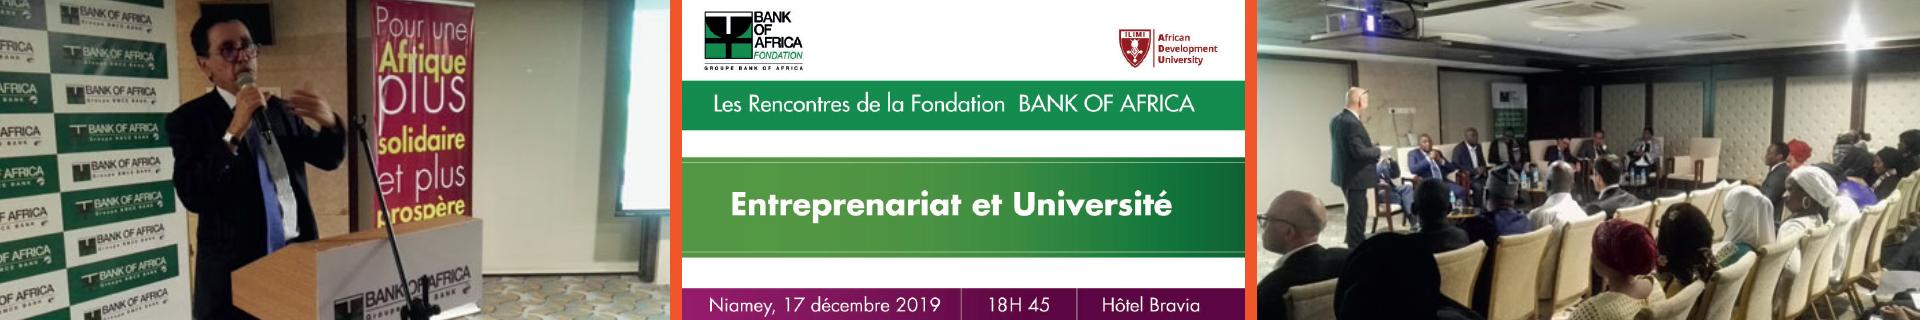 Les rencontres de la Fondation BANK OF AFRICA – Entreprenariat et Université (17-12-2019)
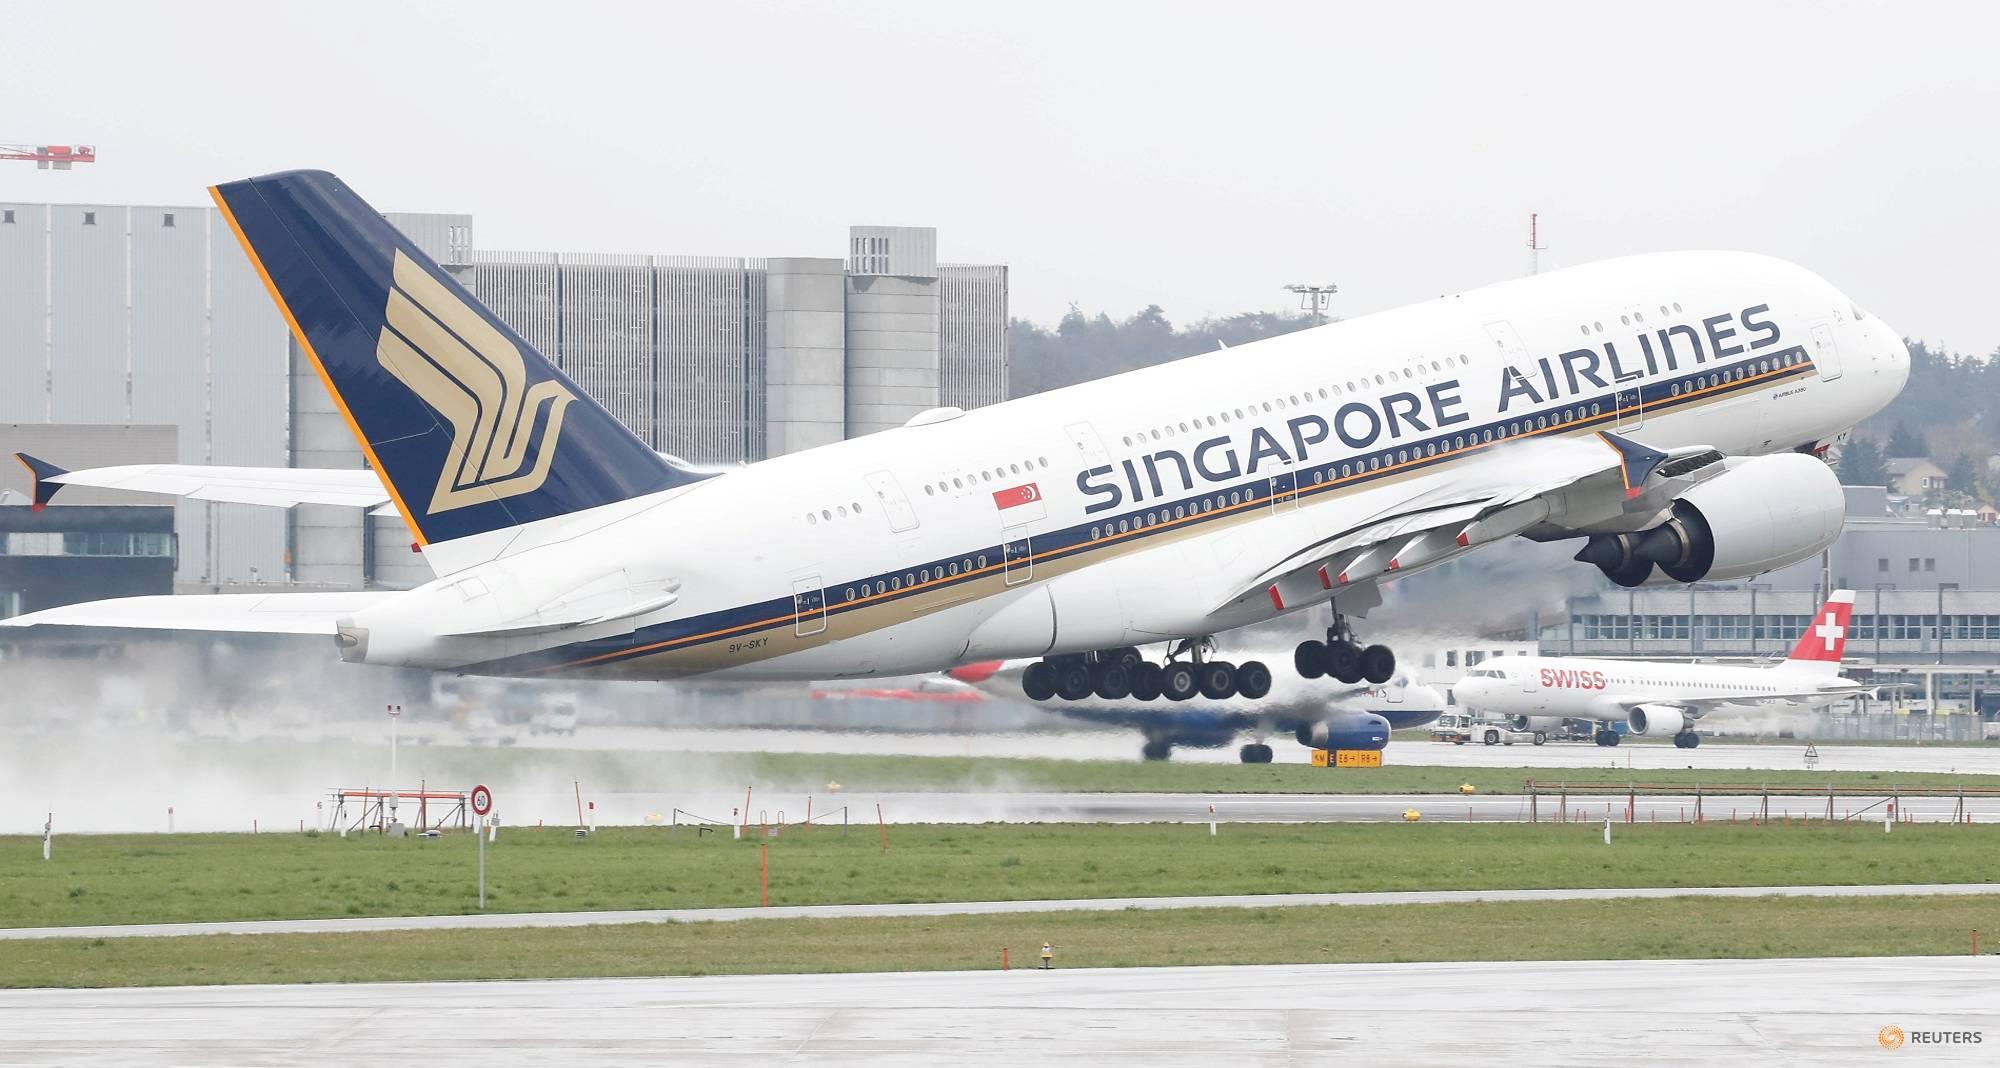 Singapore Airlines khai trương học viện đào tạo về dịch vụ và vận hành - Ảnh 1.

--

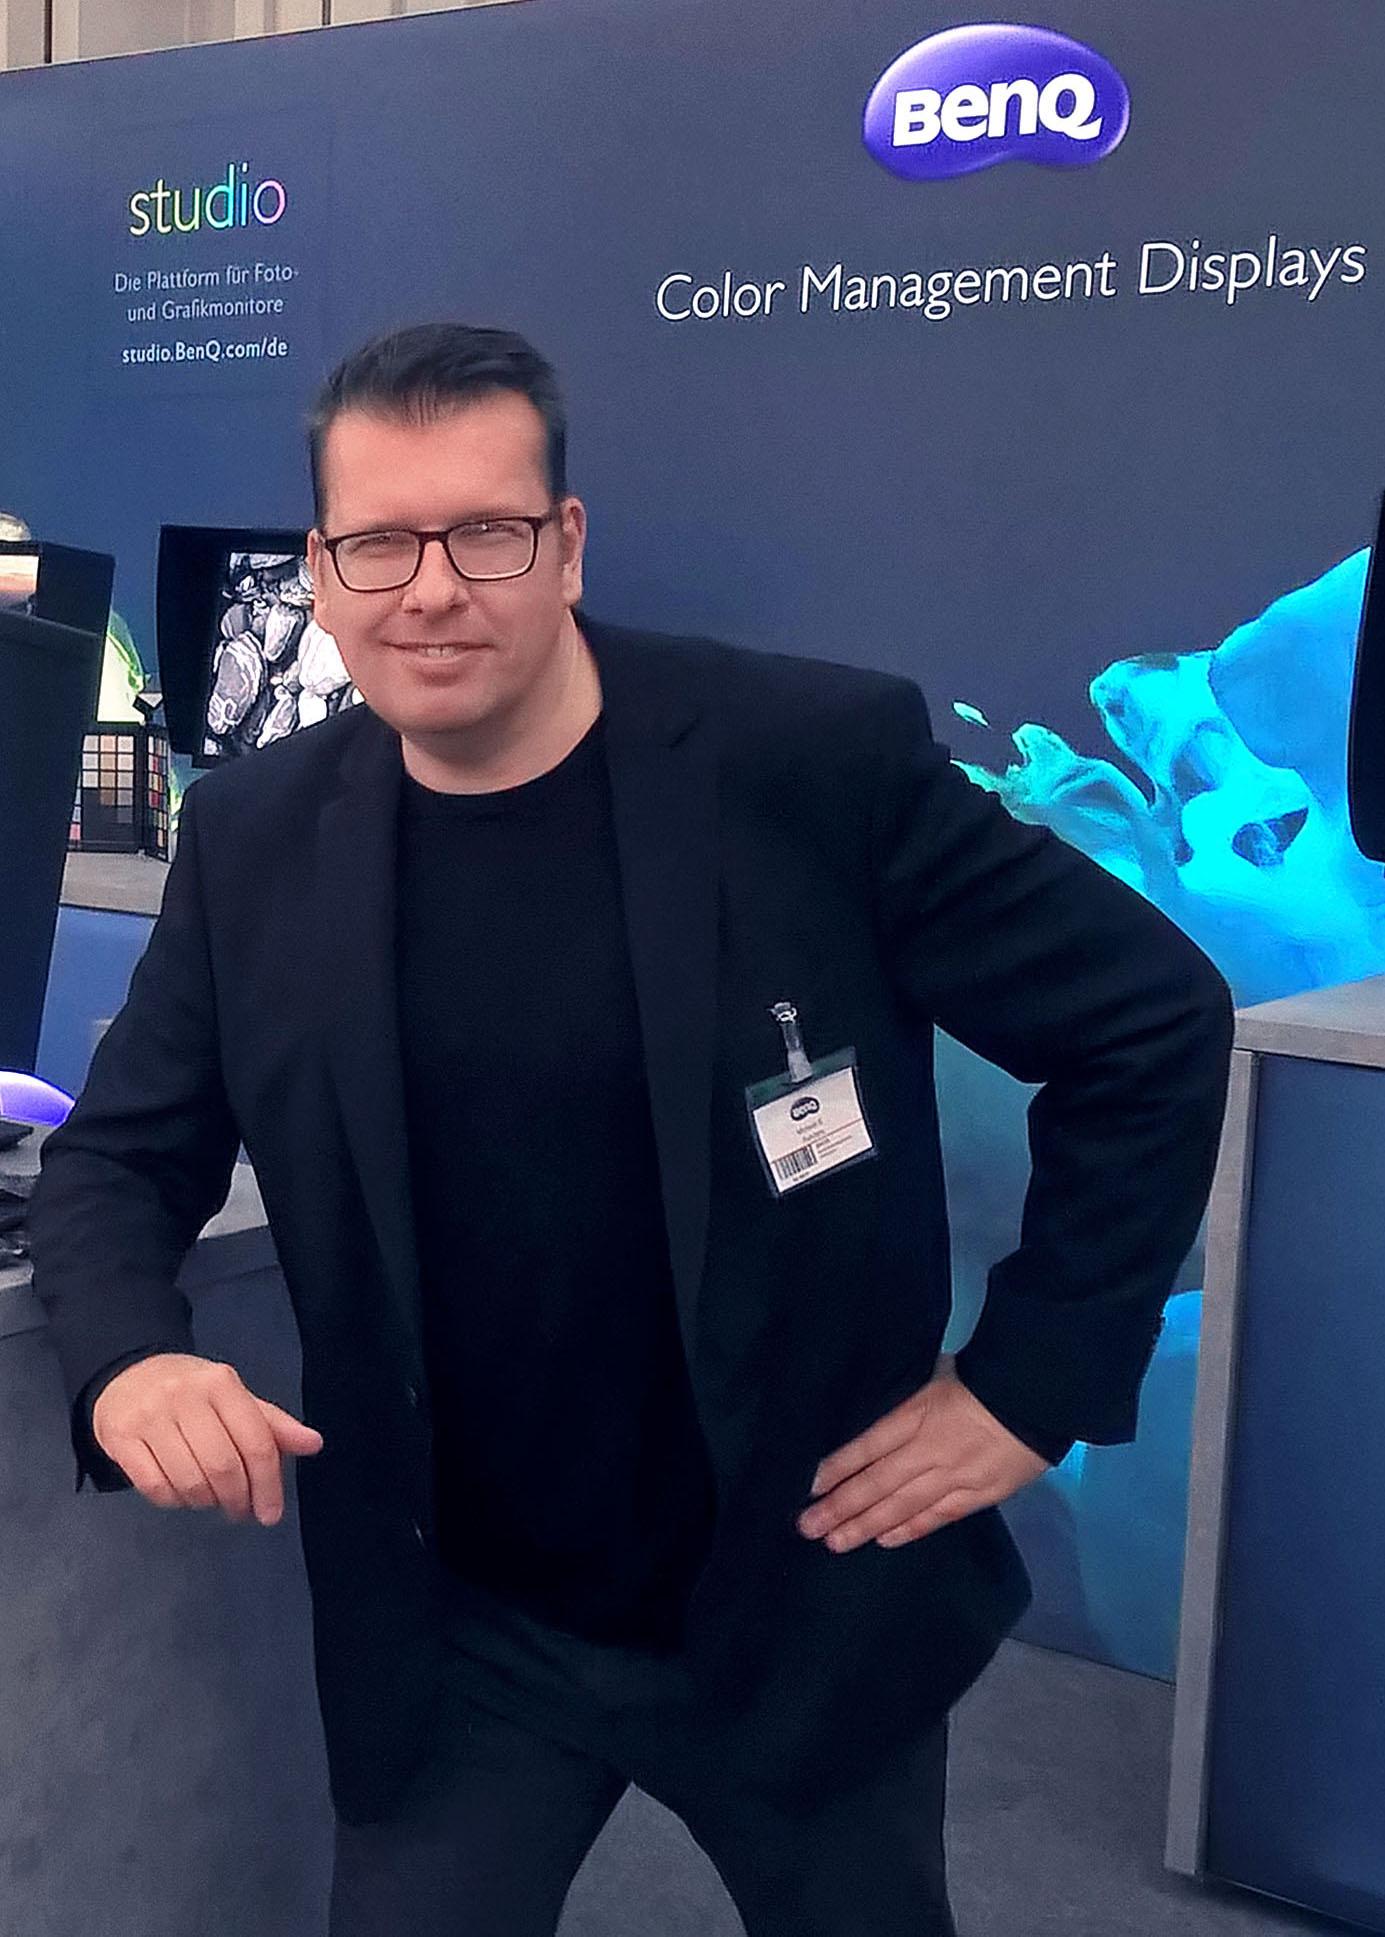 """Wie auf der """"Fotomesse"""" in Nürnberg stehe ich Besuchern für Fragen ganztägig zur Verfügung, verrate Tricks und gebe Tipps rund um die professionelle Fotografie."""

...

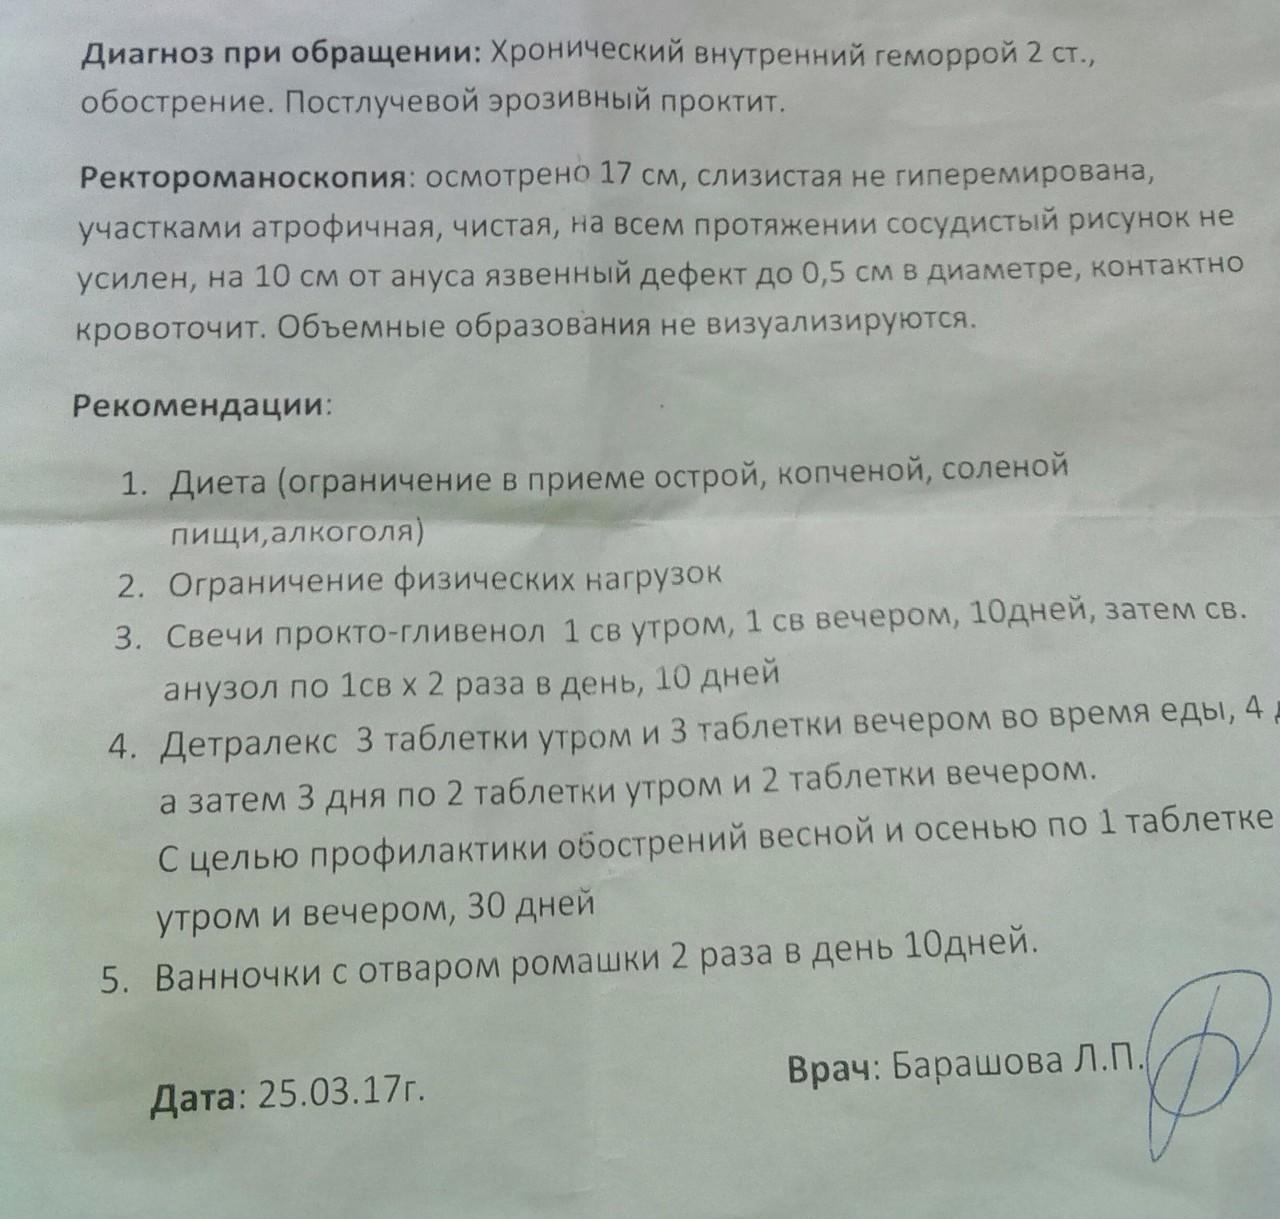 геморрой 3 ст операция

• _Problem to work on_
What you need to produce is an exact copy of the entries above, limited to the lines from the one with "Les rencontres de" up to and including the one with "Singapore Airlines khai", without pictures.

• _Reply_
 Les rencontres de la Fondation BANK OF AFRICA – Entreprenariat et Université (17-12-2019)
 Singapore Airlines khai trương học viện đào tạo về dịch vụ và vận hành - Ảnh 1.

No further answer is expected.